§ WORK TO COMPLETE
Everything in the data gets repeated exactly, except for the pictures.

§ SUPPLIED INFORMATION
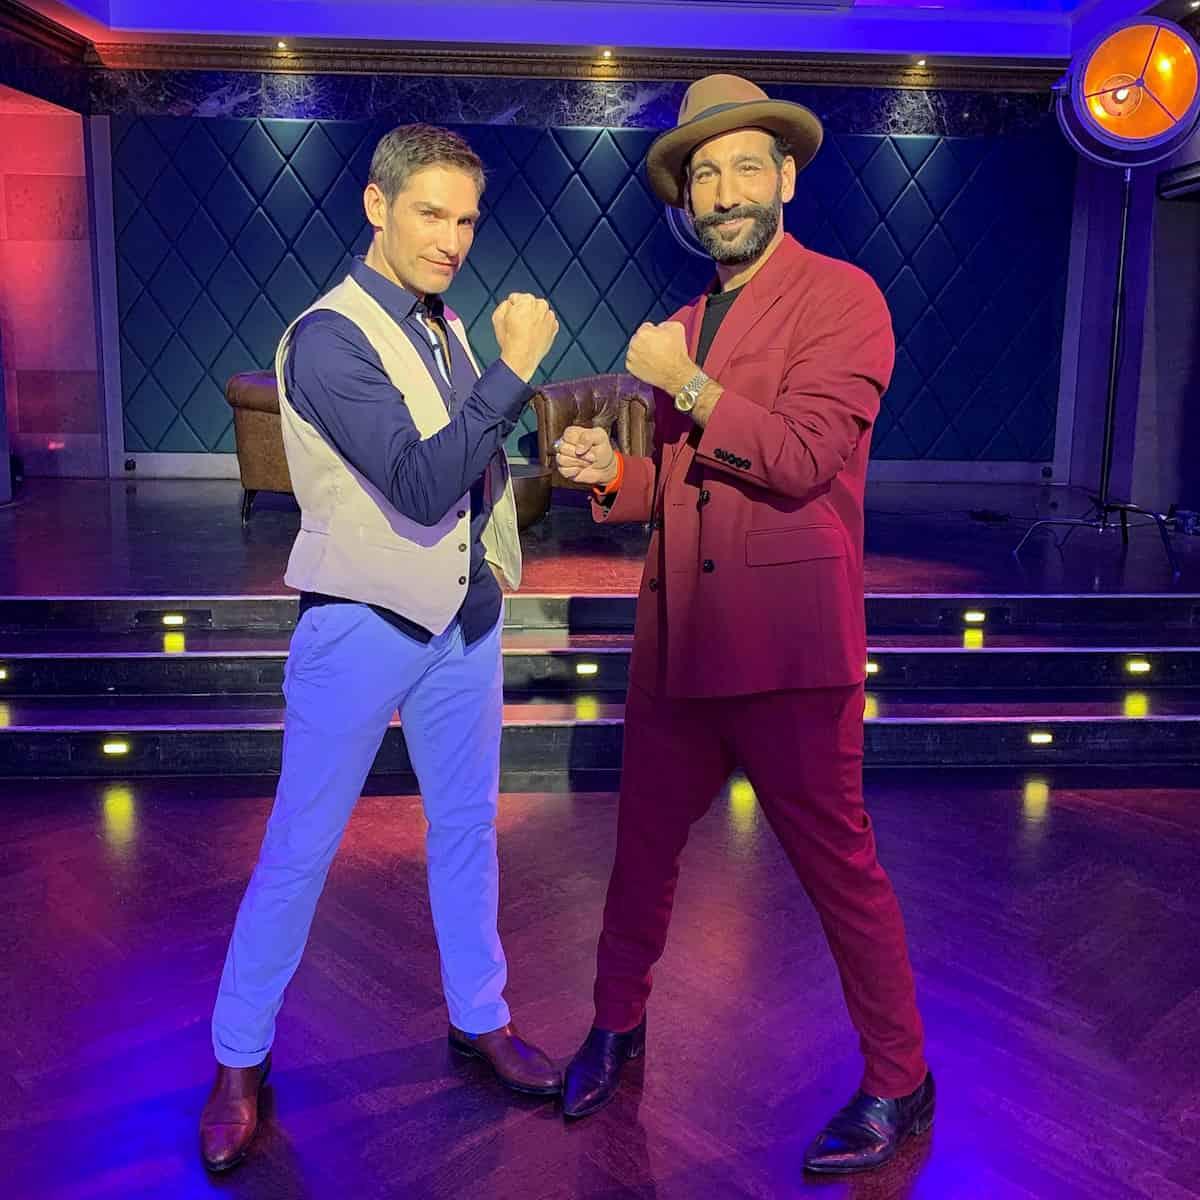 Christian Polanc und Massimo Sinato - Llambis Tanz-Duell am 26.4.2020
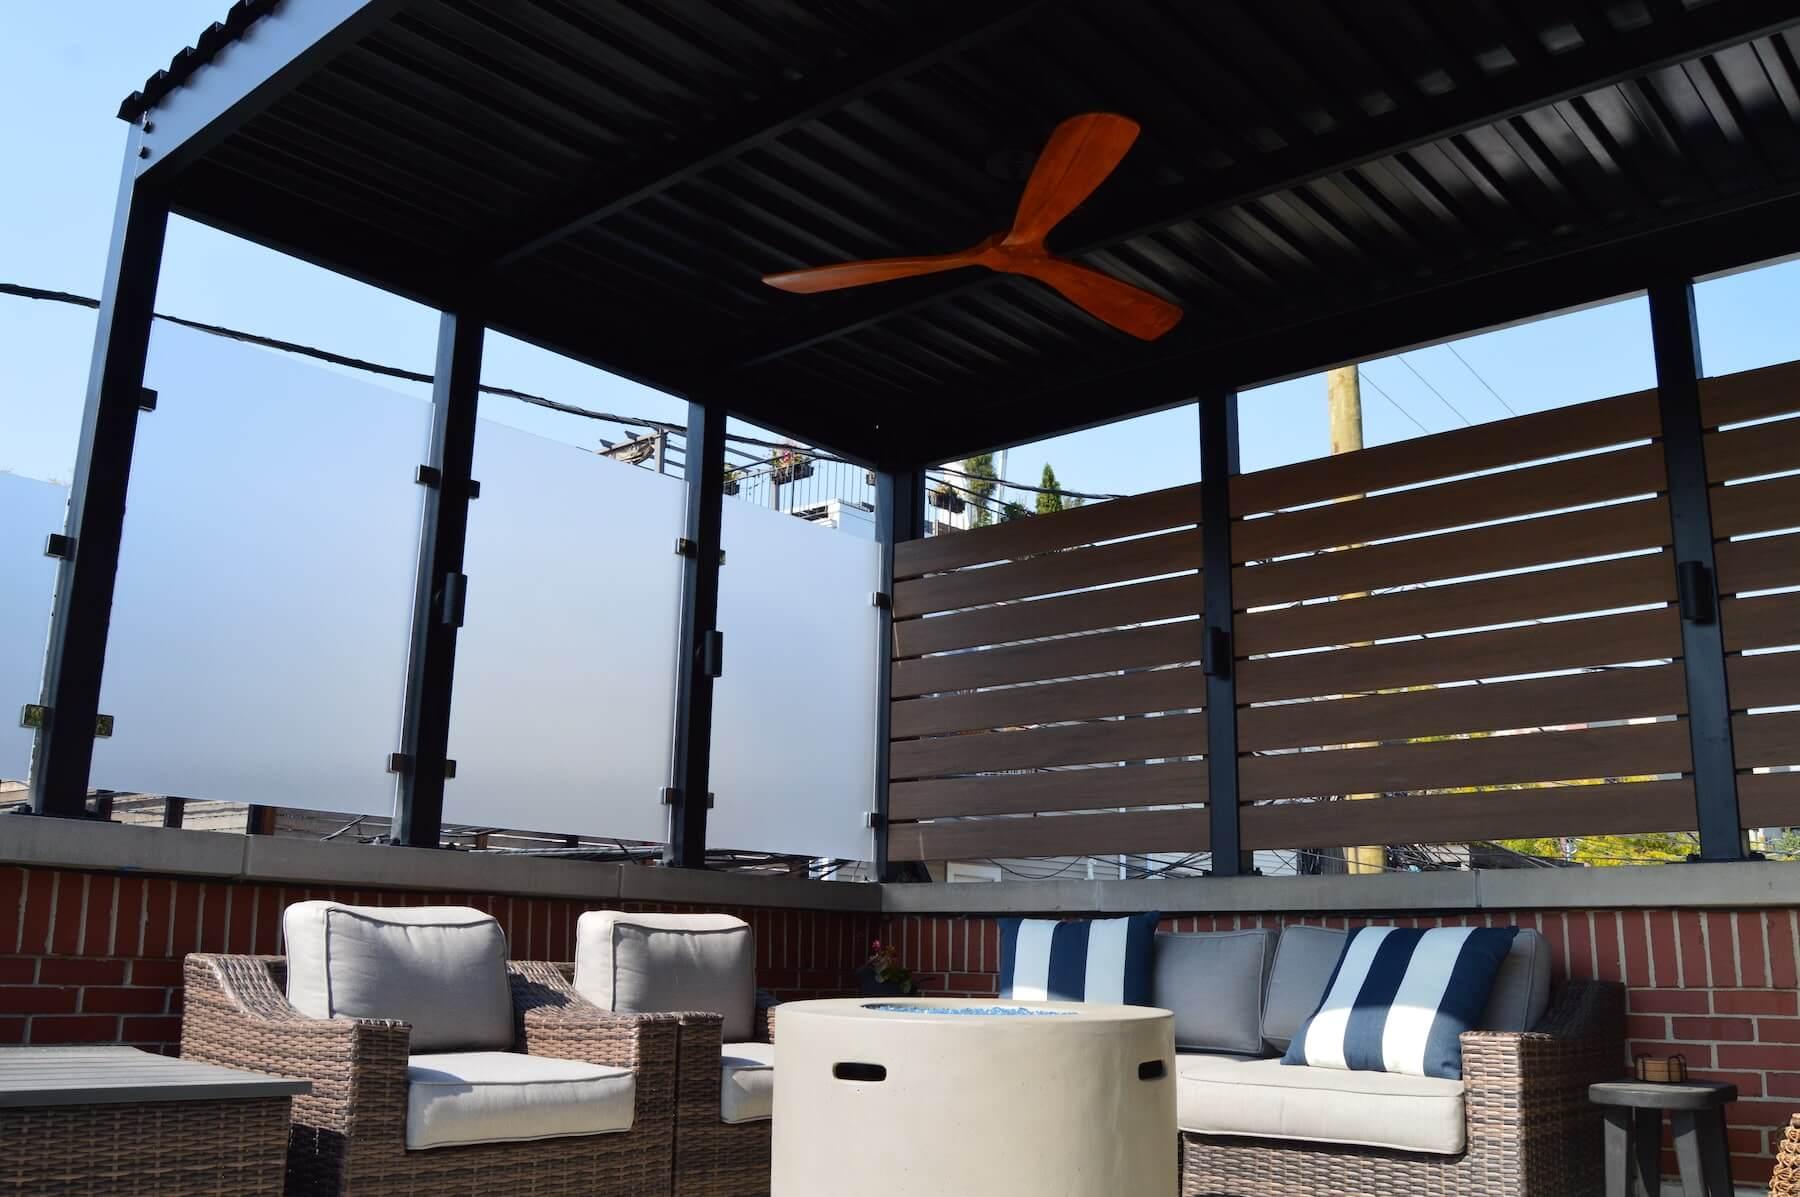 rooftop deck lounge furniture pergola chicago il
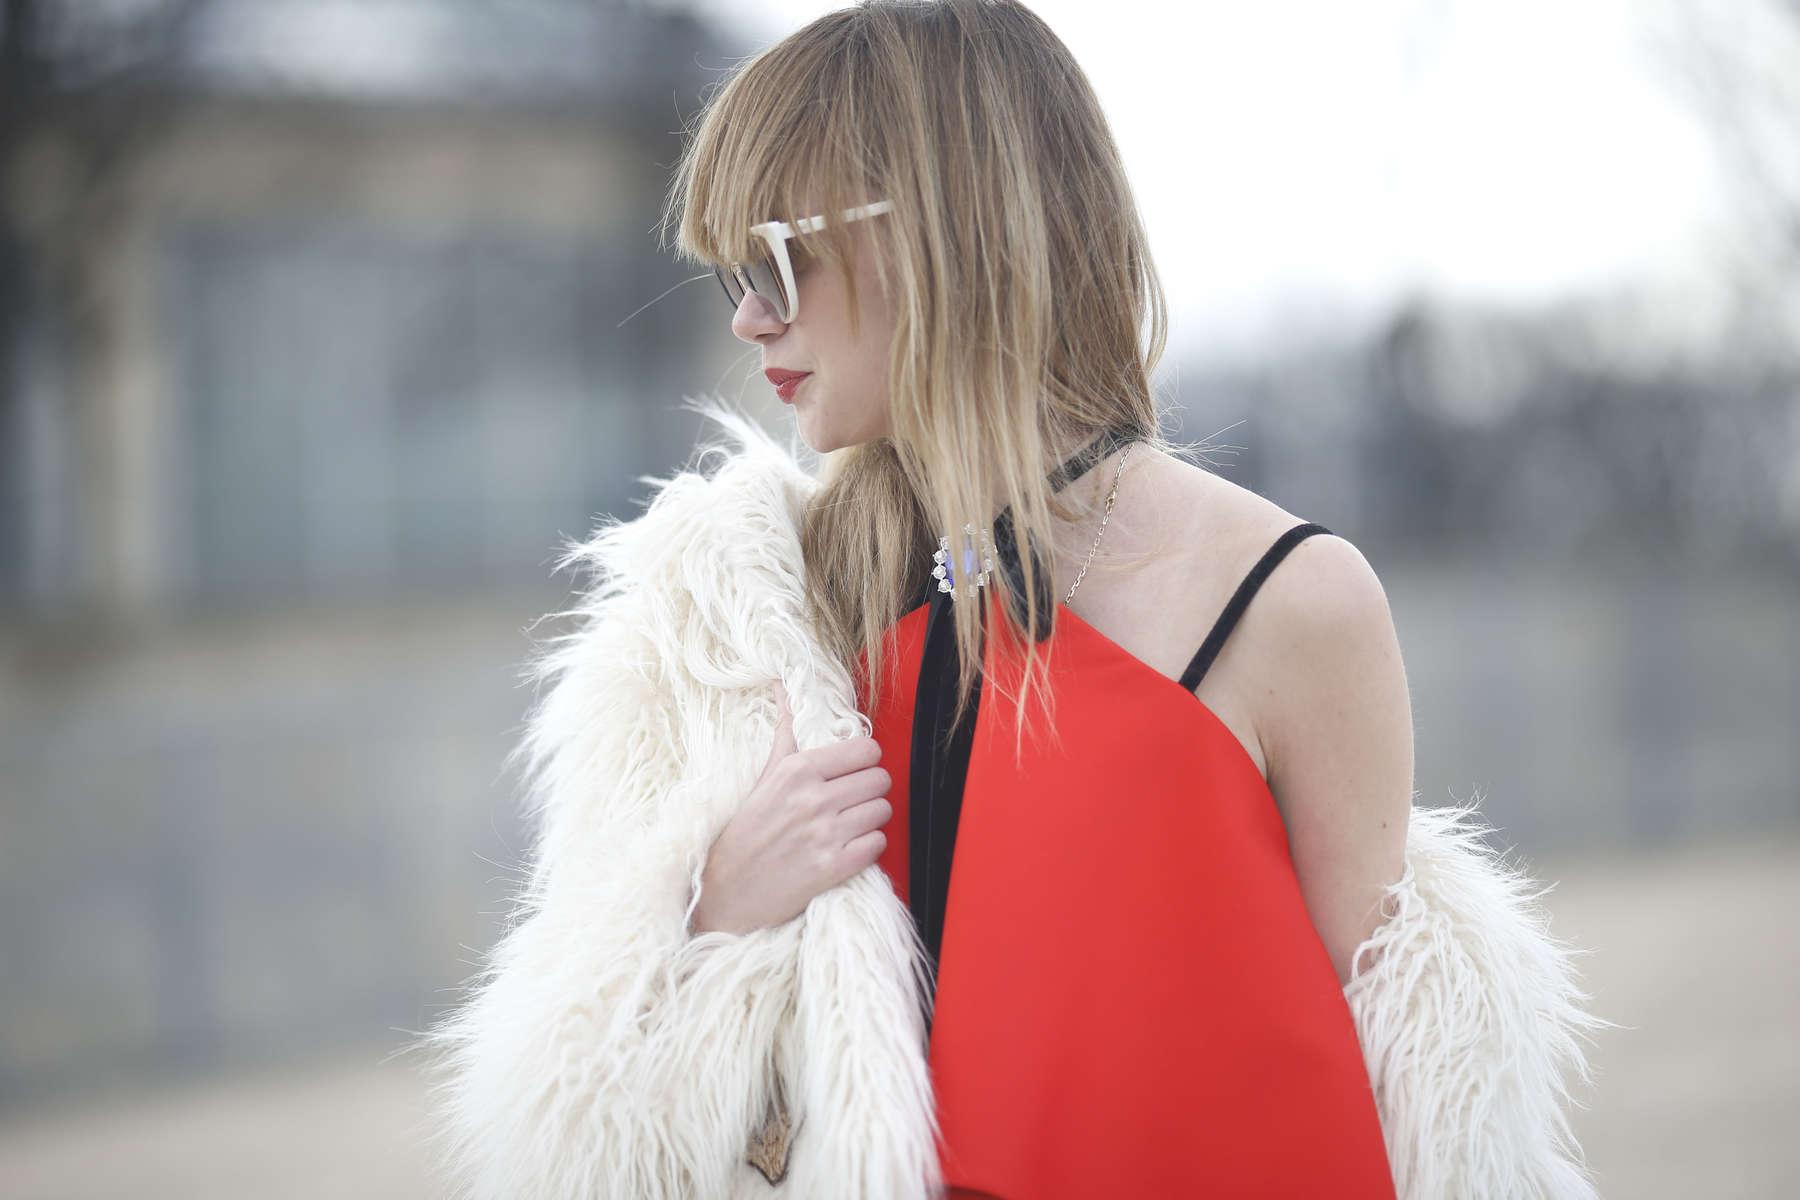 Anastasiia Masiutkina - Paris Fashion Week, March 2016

§ TASK RESPONSE
 Christian Polanc und Massimo Sinato - Llambis Tanz-Duell am 26.4.2020
 rooftop deck lounge furniture pergola chicago il
 Anastasiia Masiutkina - Paris Fashion Week, March 2016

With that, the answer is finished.